If this view is followed by the CJEU (decision pending), this means that rules on migration relating to the provision both of GATS services (under all modes) and of FDI - e.g. the free movement of hedge fund managers to supervise the fund's investments in in EU-based companies - will be governed by the EU's common commercial policy.


This conclusion has important implications for the UK's Brexit negotiations with the EU. The finding that all GATS trade and FDI-related migration is under the EU's sole competence, and will not require the agreement of 27 Member States, could well make a UK-EU FTA easier to conclude. And the fact that related migration rules will need to be inserted into the future UKEUFTA will then mean that UK immigration rules post-Brexit will need to allow EU migrants meeting the FTA's migration criteria to enter the country for at least the period set out in UKEUFTA (likely to be up to 12 months).

GATS does not require WTO members to abandon frontier controls for trade-related migration - so EU businessmen will still have to show their passports at Heathrow as they do now. However, they would not be excluded simply because the right of free movement under EU law no longer applies to the UK after Brexit.

This will also mean that professional Britons travelling to Schengen to provide services - including FDI (so, hedge fund managers) - will have greater migration rights than other Britons.

Rights to travel to the EU for employment (other than intra-company secondments) or study - and possibly even leisure - will need to be negotiated separately after Brexit and such migration policy changes will require the agreement of all Member States. Given the firm stance taken by the UK government against 'uncontrolled' migration to the UK, it is very unlikely that the remaining EU members will be willing to continue with the current liberal arrangements as they stand.

But the inescapable link between migration and trade will unavoidably impact on the UK's future trade negotiations within the WTO. Since Britain is a large net exporter of international services, it will be in its interests to establish a broad openness to international services trade in order to prompt and possibly require other WTO members to do likewise.

So its future WTO schedules under GATS will need to permit wide access to the UK's services markets. Reciprocity is likely to be required here - it is wholly implausible that other WTO members will wish to open their markets to UK international service providers without reciprocal rights for their nationals to trade services in the UK.

This will mean that short term inward migration from non-EU countries will likely increase both generally and in particular for those countries with which the UK concludes FTAs. Quite what the impact of that increase on the government's immigration target will be is difficult to tell.

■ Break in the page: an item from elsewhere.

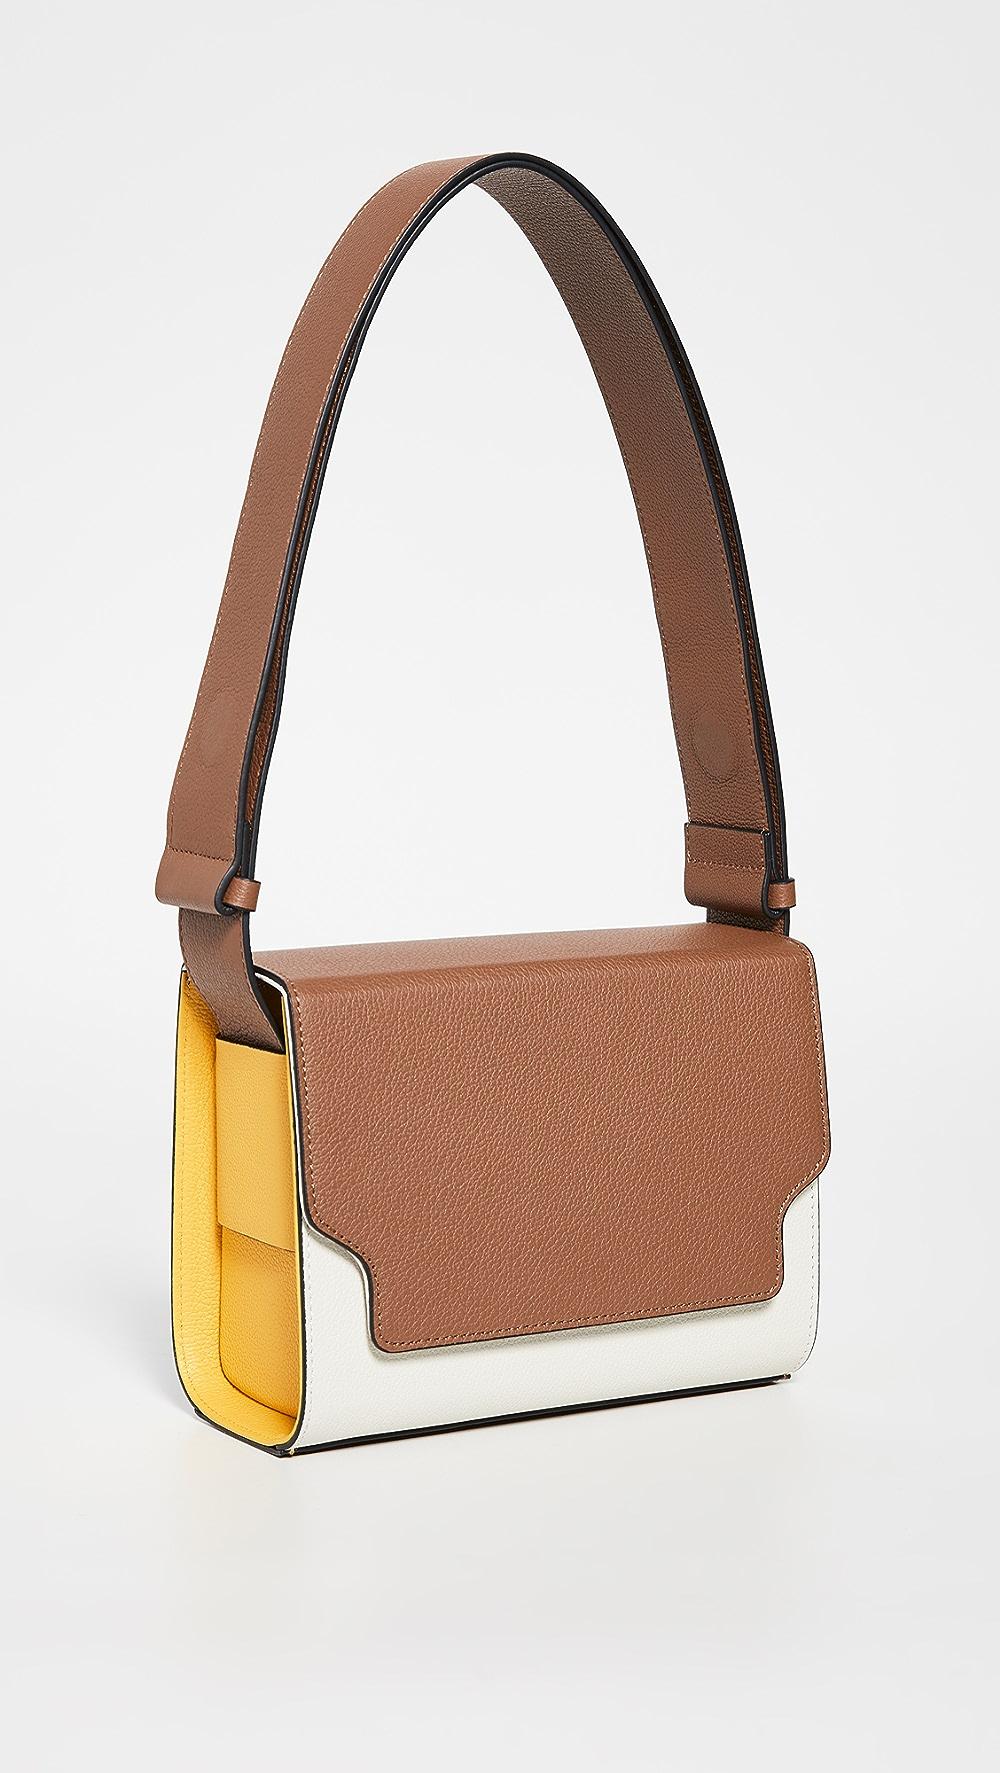 Honey Marge Sherwood - Vava Classic Bag Shrink-Proof
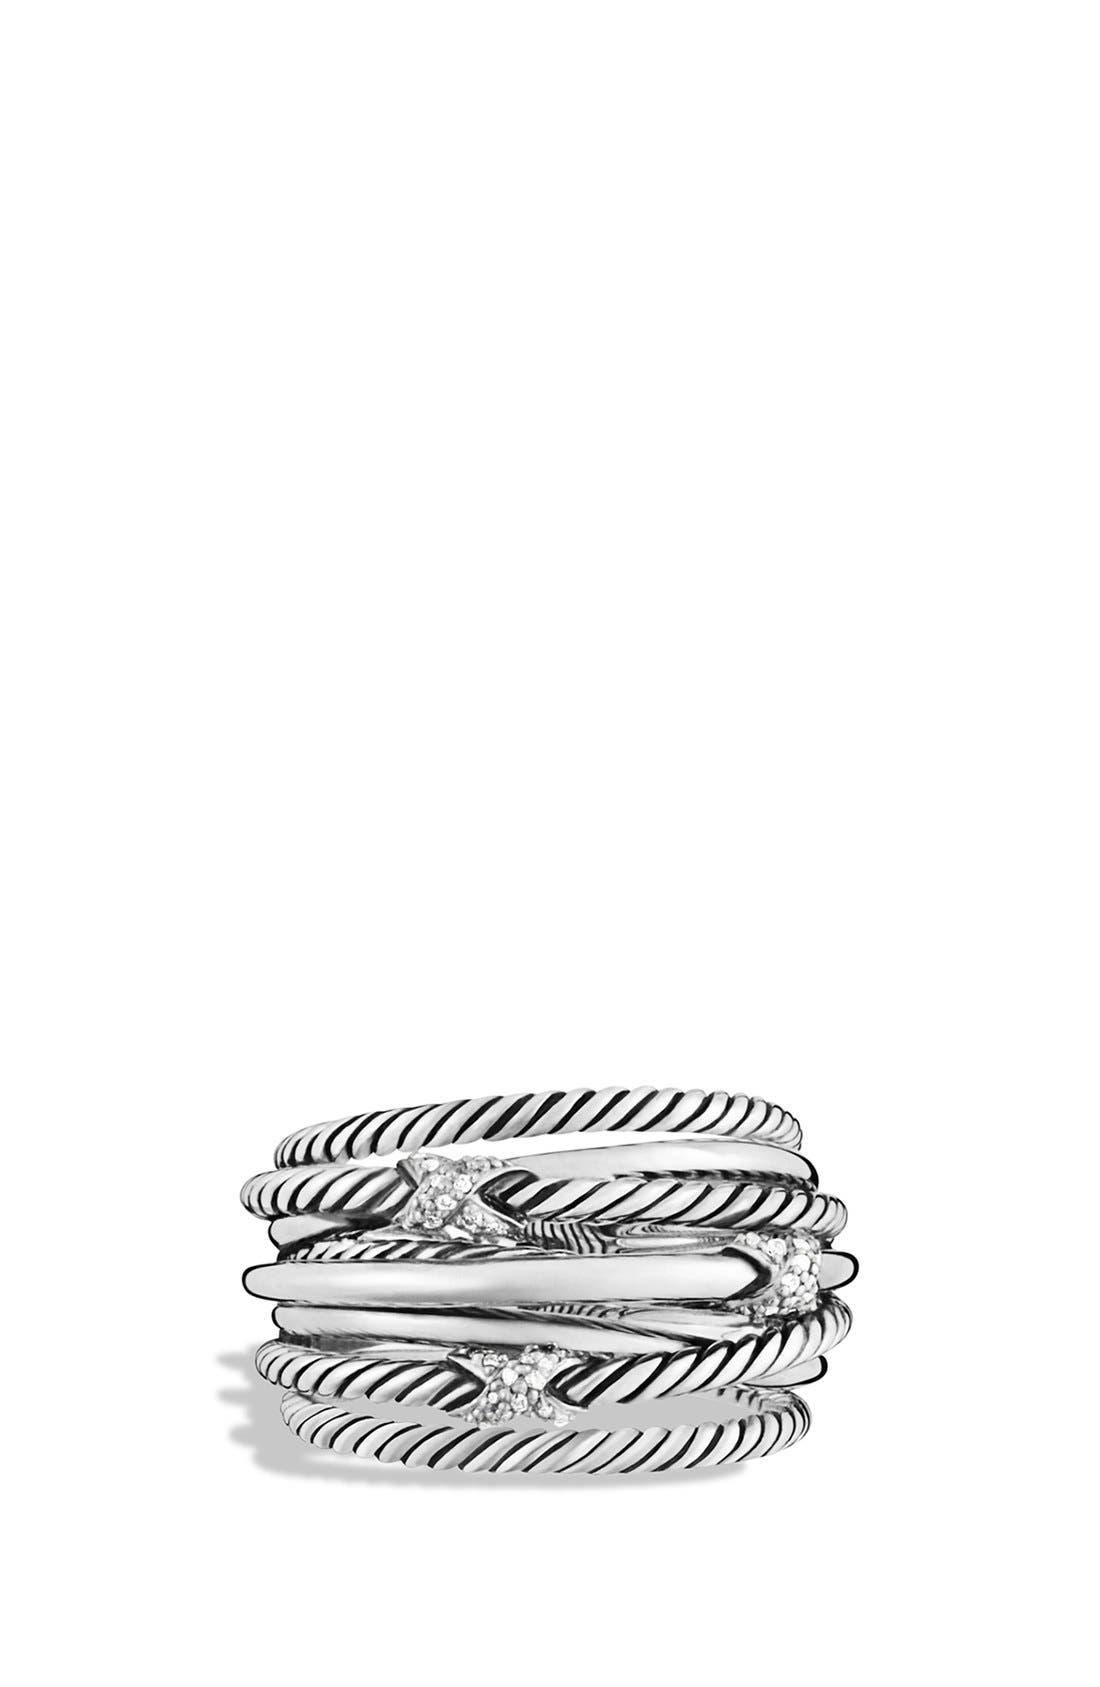 Alternate Image 3  - David Yurman 'Three X Crossover' Ring with Diamonds

However, given the UK's need to trade on the world market going forward - and therefore to accept trade-related short term migration - coupled with the statistical difficulties in including short term migration figures in any 'immigration target' in any sensible and analytically robust way, we suspect that the Conservative manifesto commitment may have to be re-read so as to apply only to long-term net migration.

Again, it remains to be seen whether the government recognises this soon enough for potential negotiating difficulties to be avoided as serious trade talks with the EU and potentially with other trade partners start in earnest later this year.


[1] Annex on movement of natural persons supplying services under the Agreement

[2] Migration statistics first time user guide retrieved 26 January 2017

[3] Opinion, paragraphs 326-329

The content of this article is intended to provide a general guide to the subject matter. Specialist advice should be sought about your specific circumstances.